### Task details
Extract the whole listing as it stands. Do not include the pictures.

### Recorded information
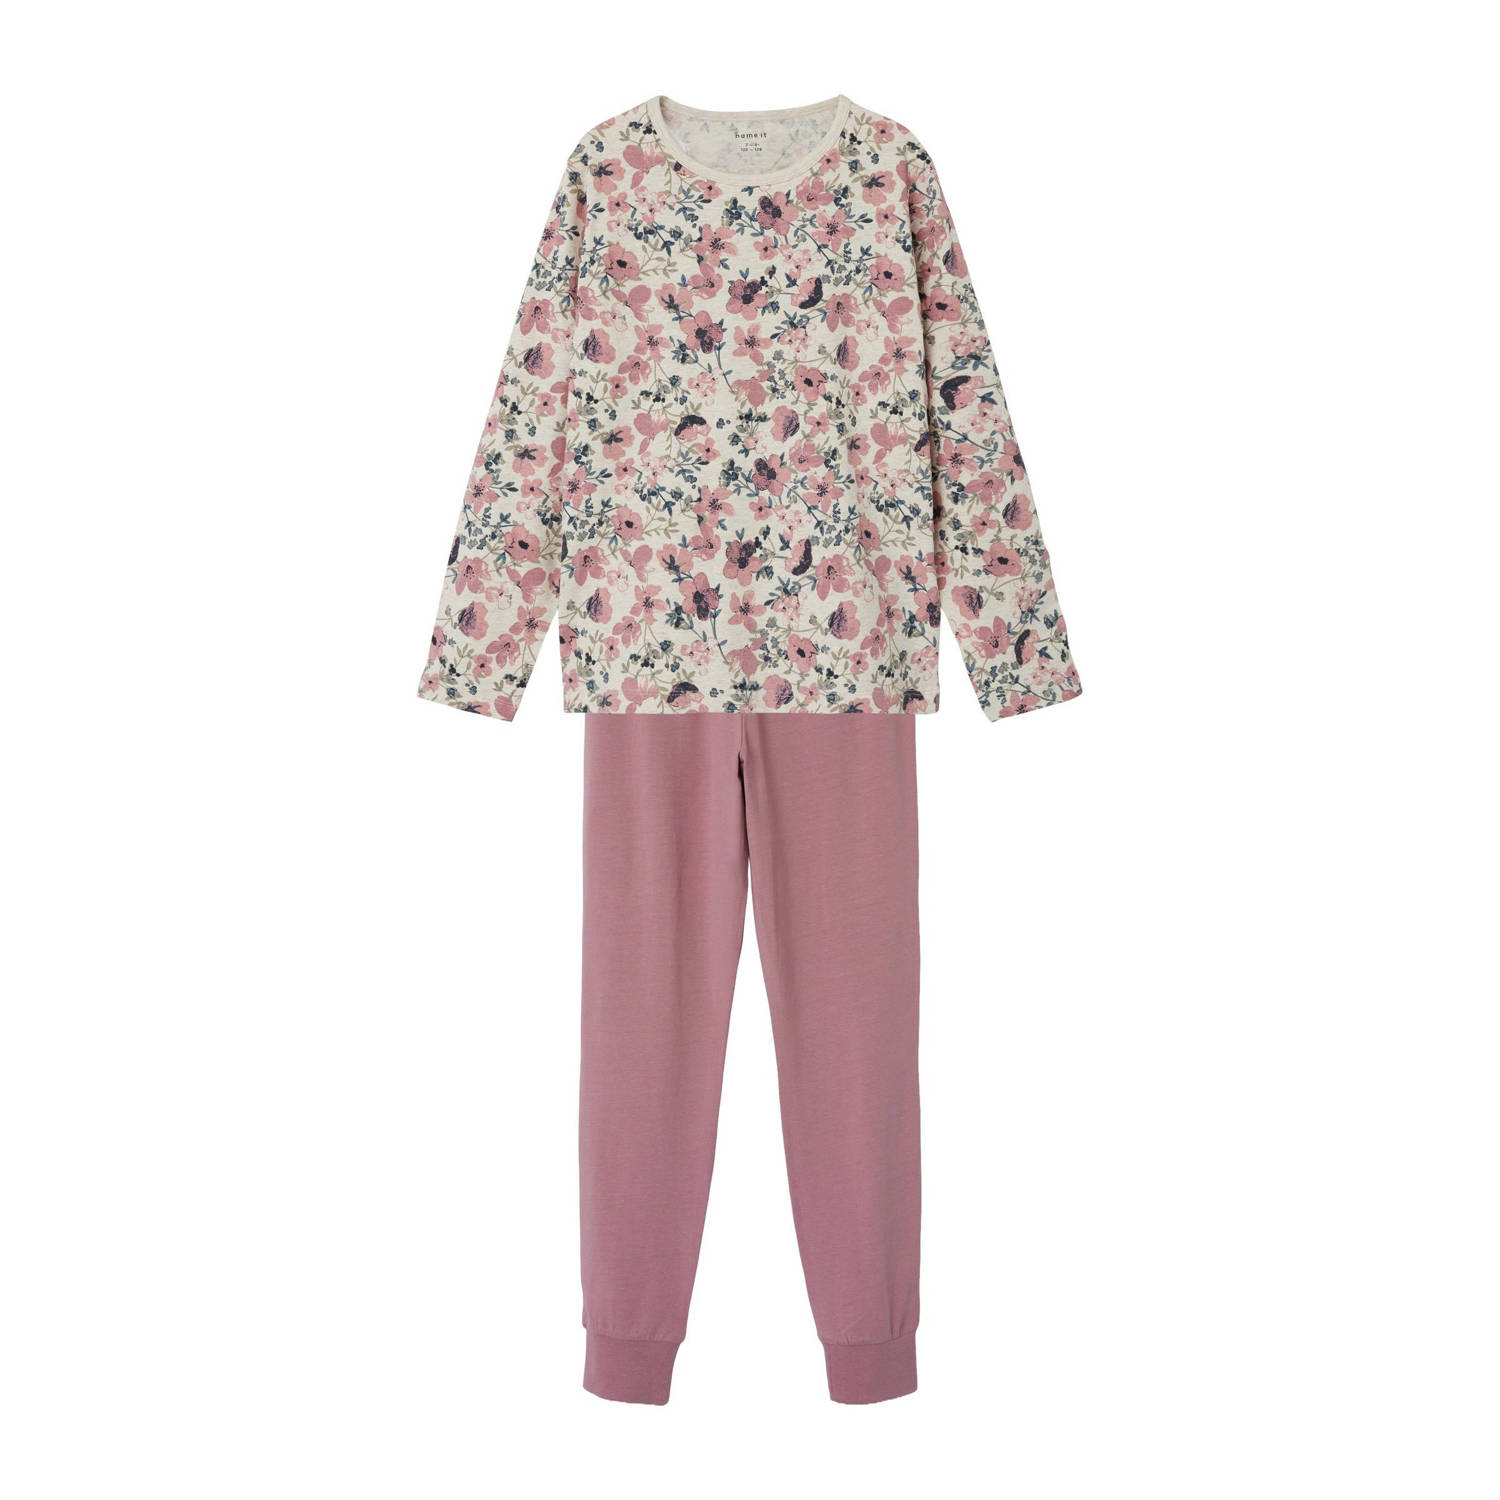 Name it KIDS gebloemde pyjama roze ecru multi Meisjes Stretchkatoen Ronde hals 110 116
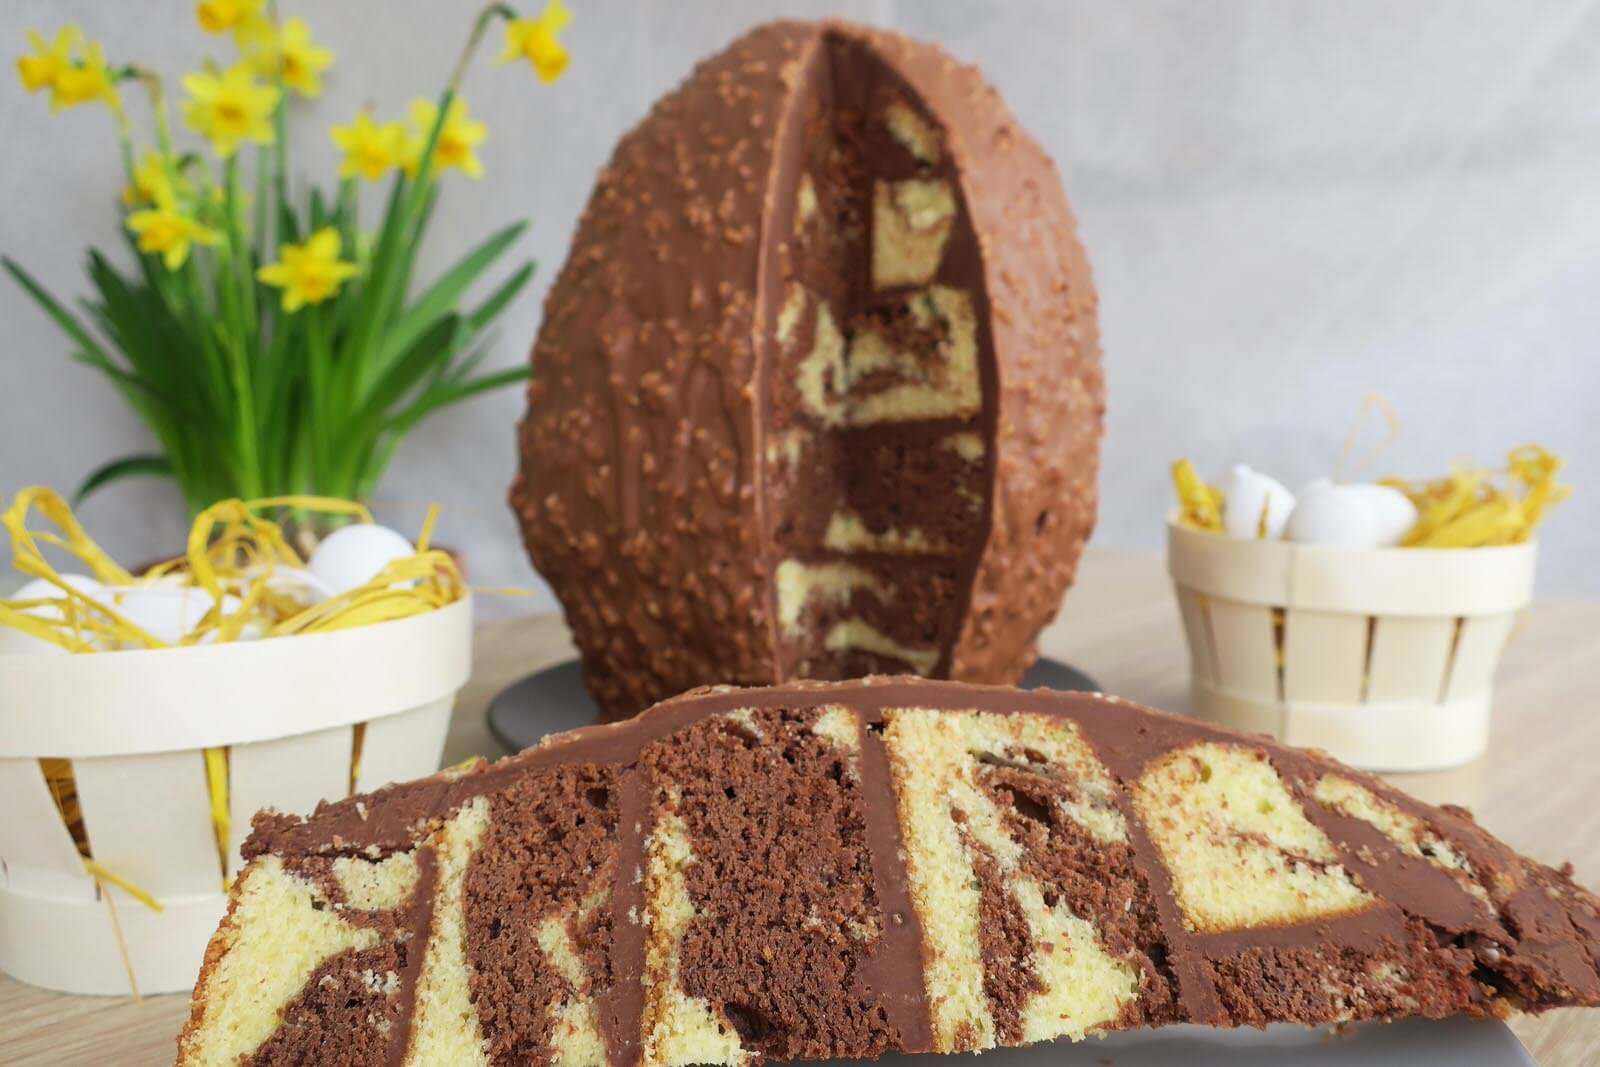 Ferrero Rocher dévoile son œuf de Pâques au chocolat noir - Faire
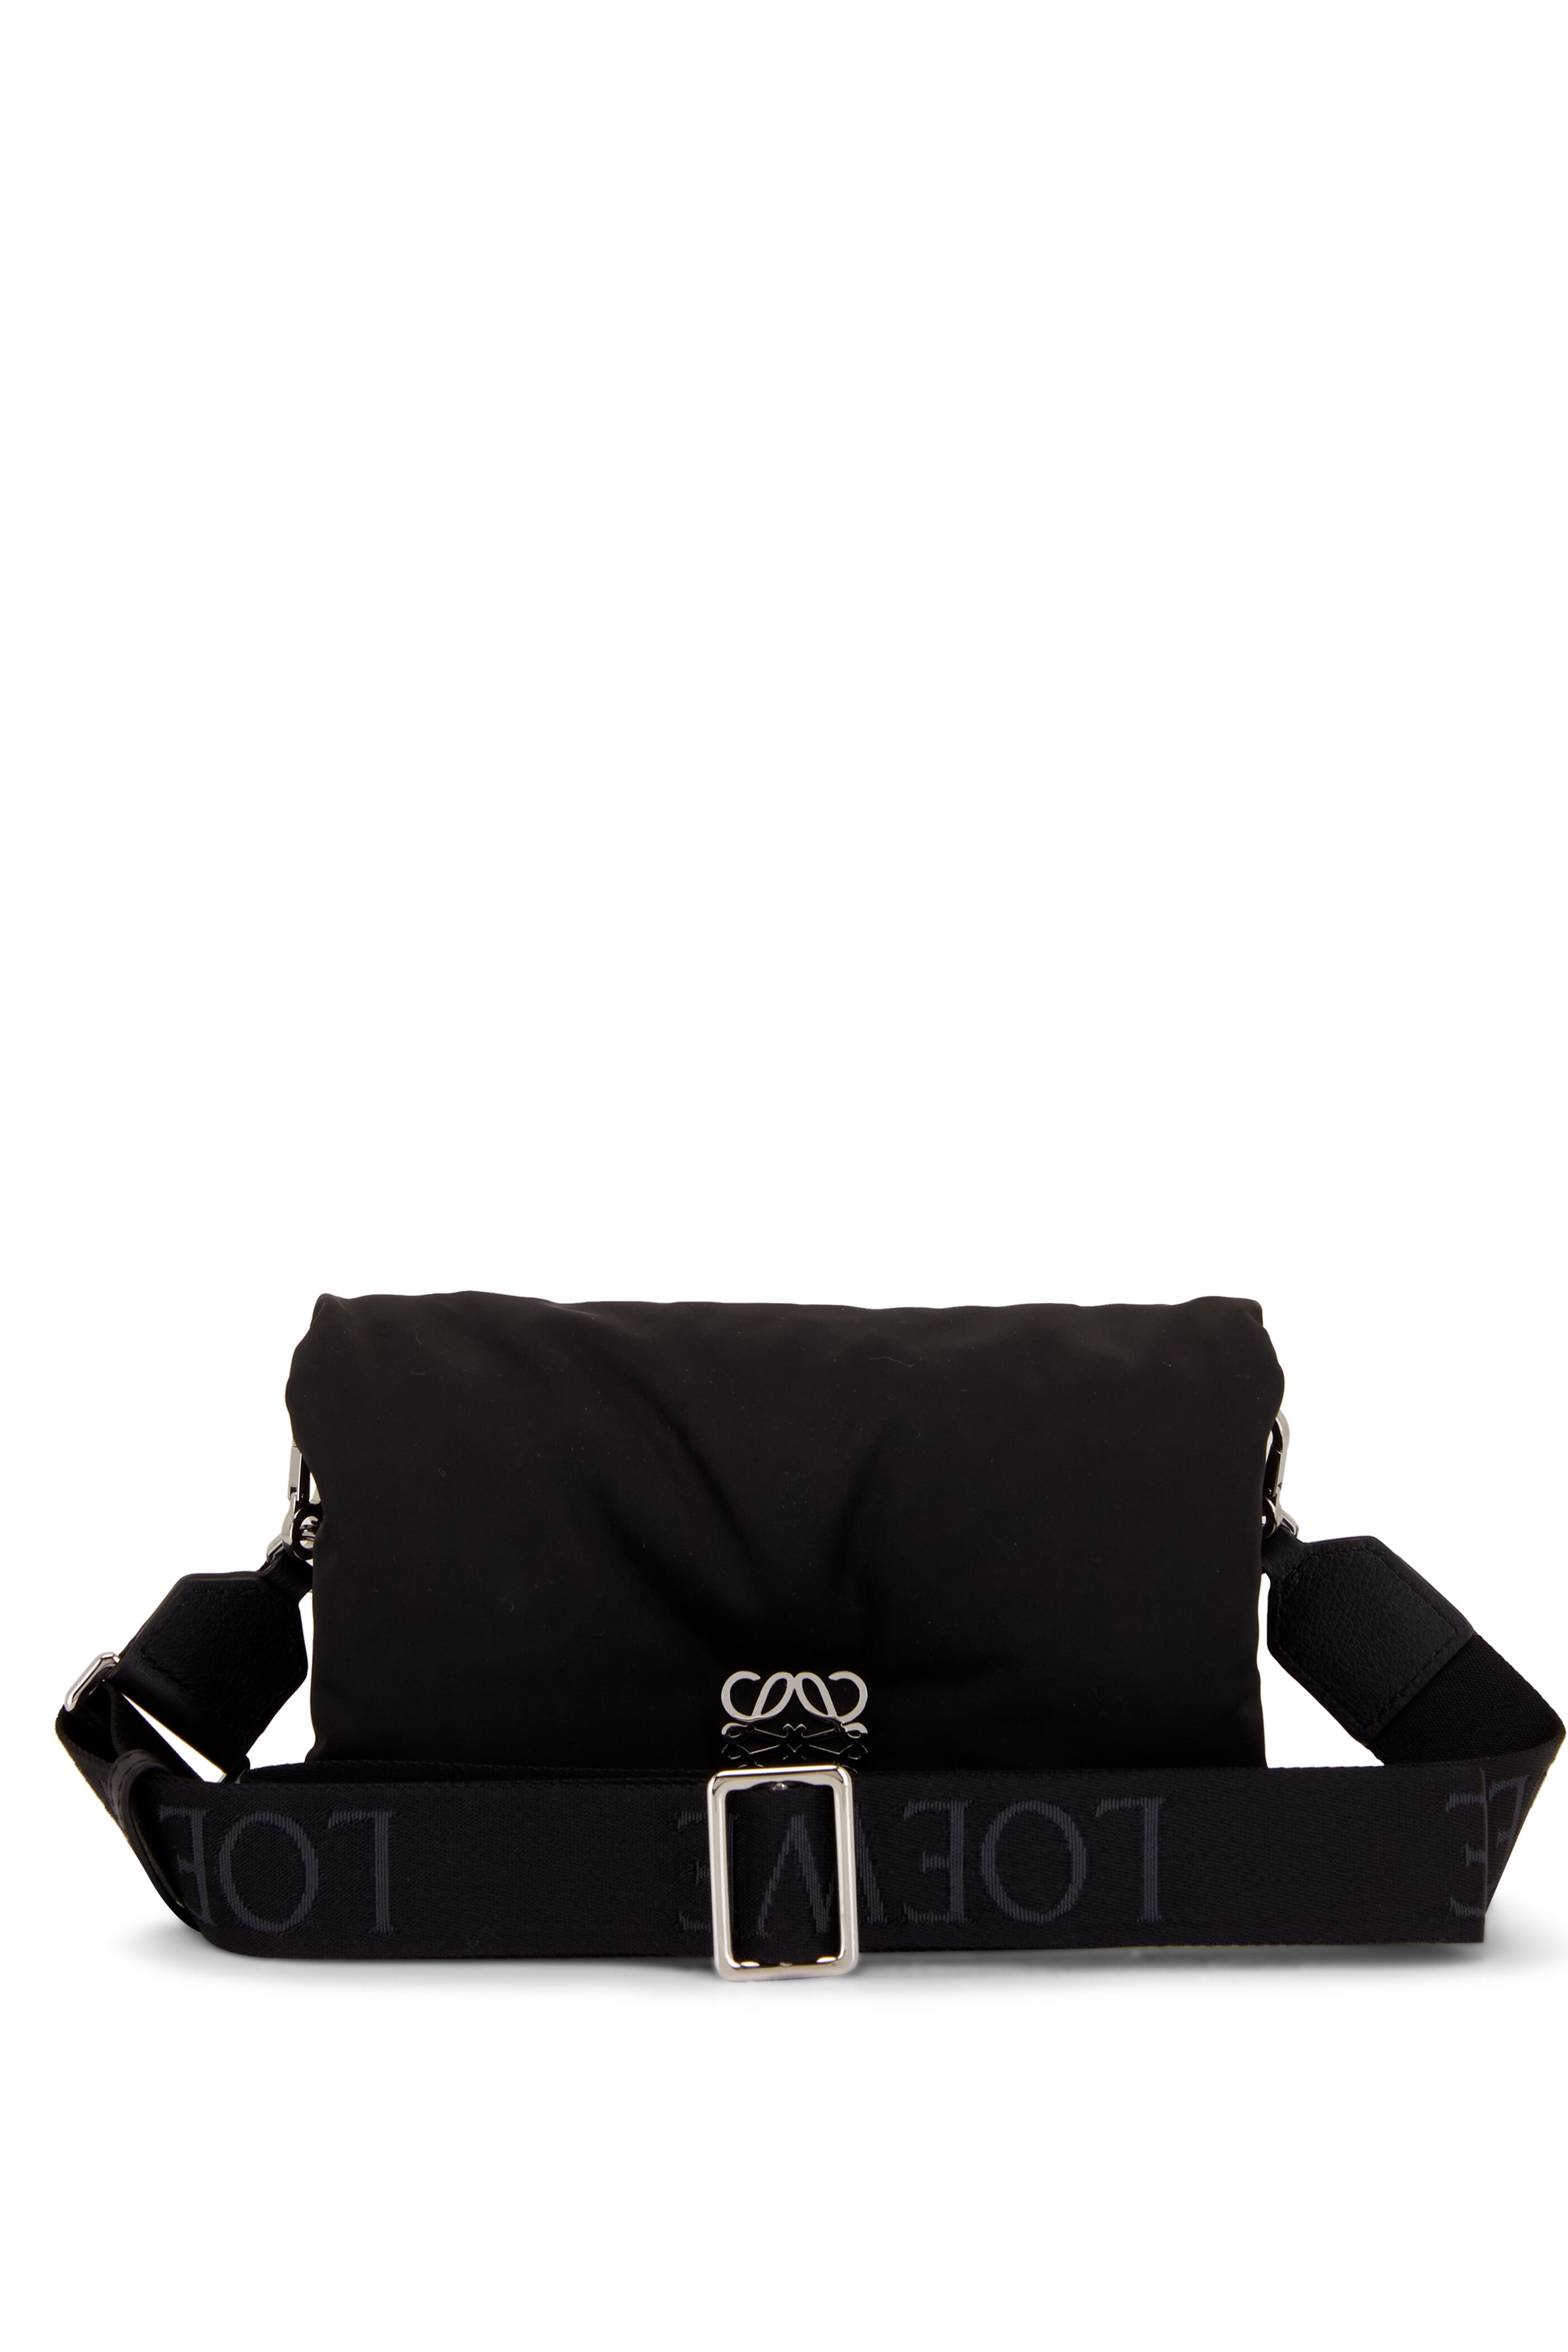 Loewe Goya Puffer Nylon Mini Bag in Black

### Solution to this task
 Name it KIDS gebloemde pyjama roze ecru multi Meisjes Stretchkatoen Ronde hals 110 116
 Ferrero Rocher dévoile son œuf de Pâques au chocolat noir - Faire
 Loewe Goya Puffer Nylon Mini Bag in Black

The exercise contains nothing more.